### Problem description
Every line below between the line holding "Wesson Sunflower Oil - 48 oz (HR54203)" and the line holding "Gutbrod Tondeuse thermique", inclusive, should be repeated exactly, and all other lines omitted.

(Working data Opens)

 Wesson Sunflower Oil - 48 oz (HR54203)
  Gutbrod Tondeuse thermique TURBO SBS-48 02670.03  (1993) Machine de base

(Working data Closes)
(Working data Opens)

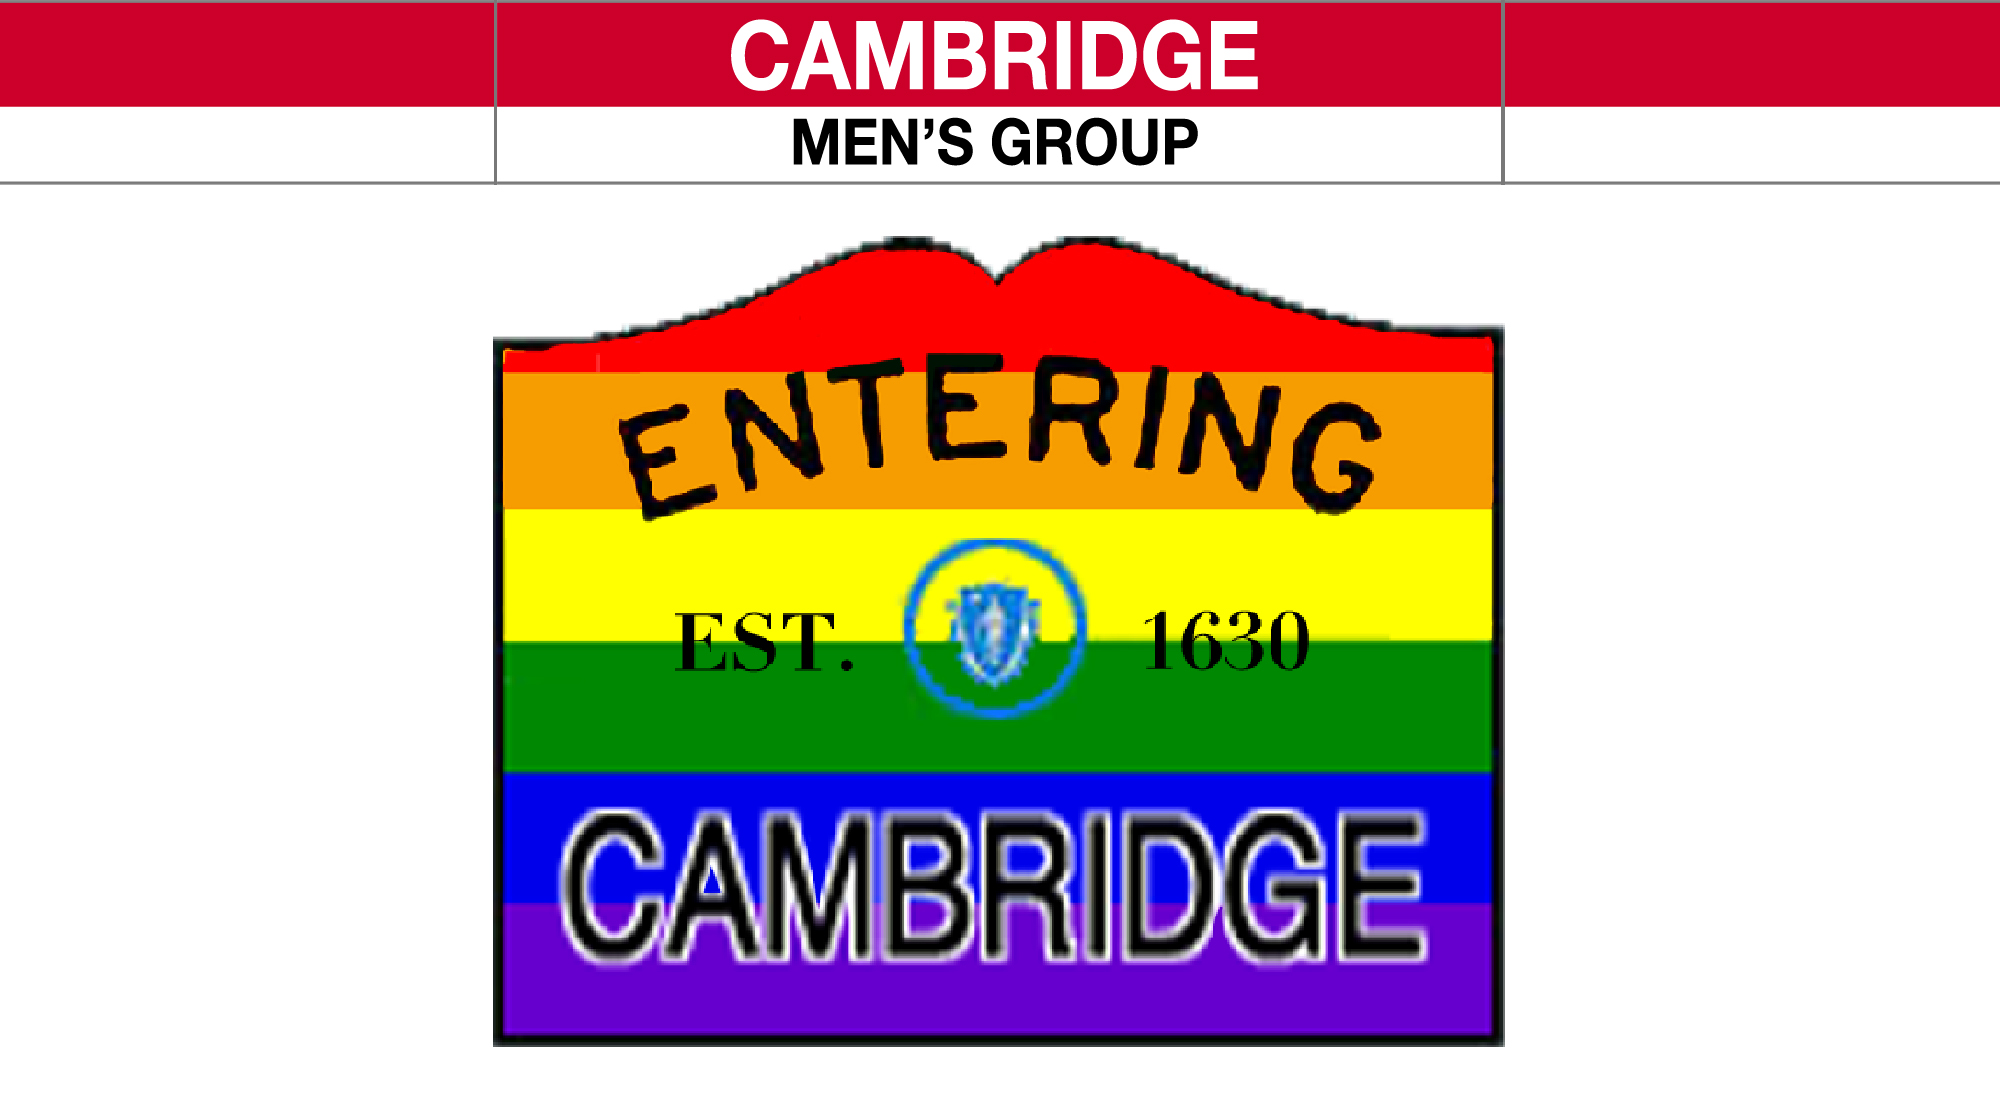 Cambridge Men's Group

(Working data Closes)
(Working data Opens)

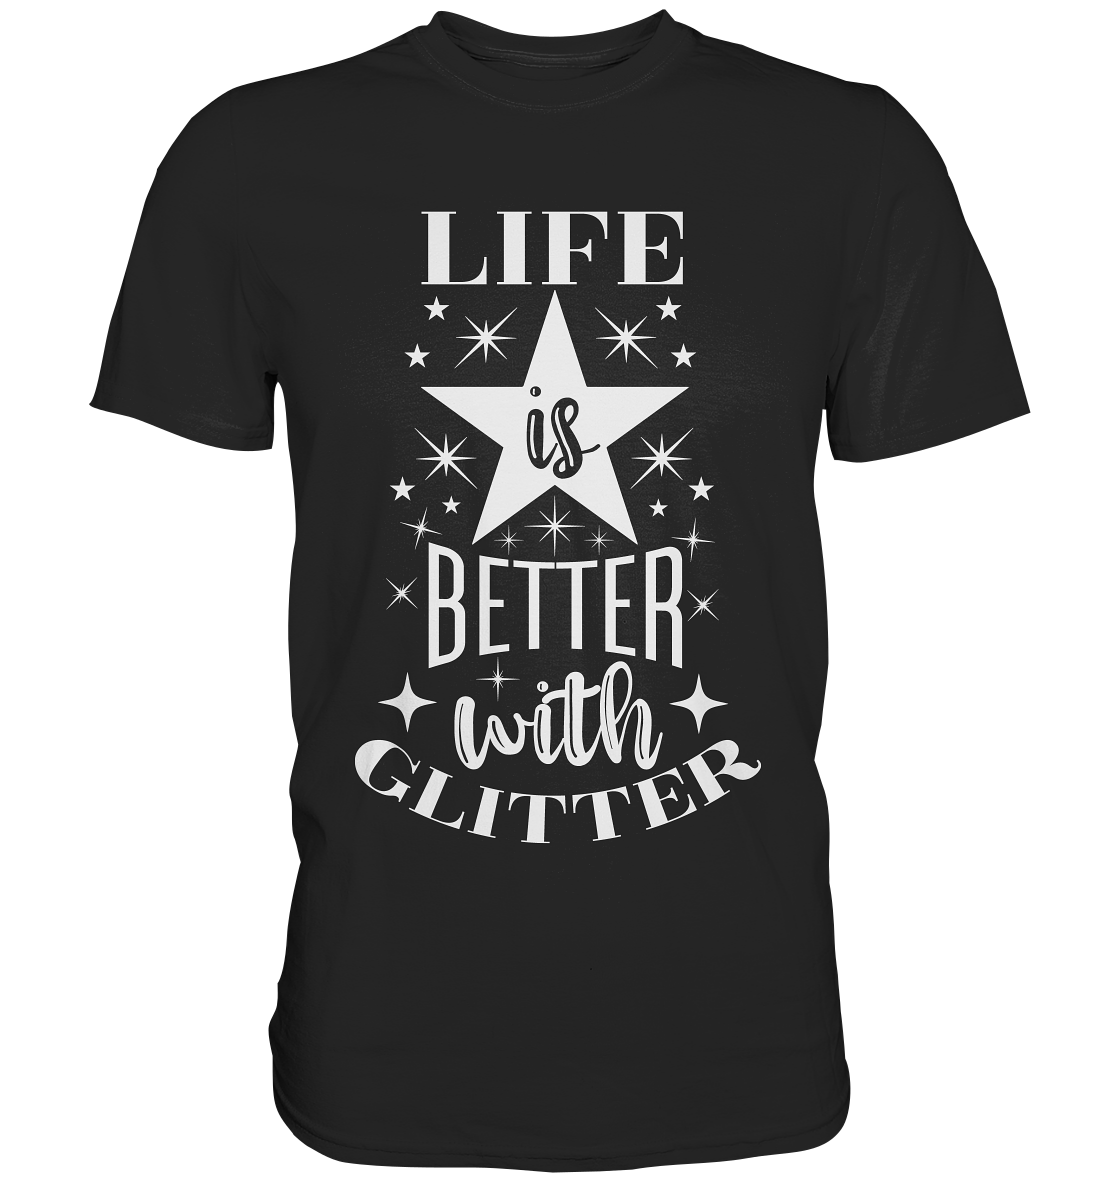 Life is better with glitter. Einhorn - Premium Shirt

(Working data Closes)

### Solution to the problem
 Wesson Sunflower Oil - 48 oz (HR54203)
  Gutbrod Tondeuse thermique TURBO SBS-48 02670.03  (1993) Machine de base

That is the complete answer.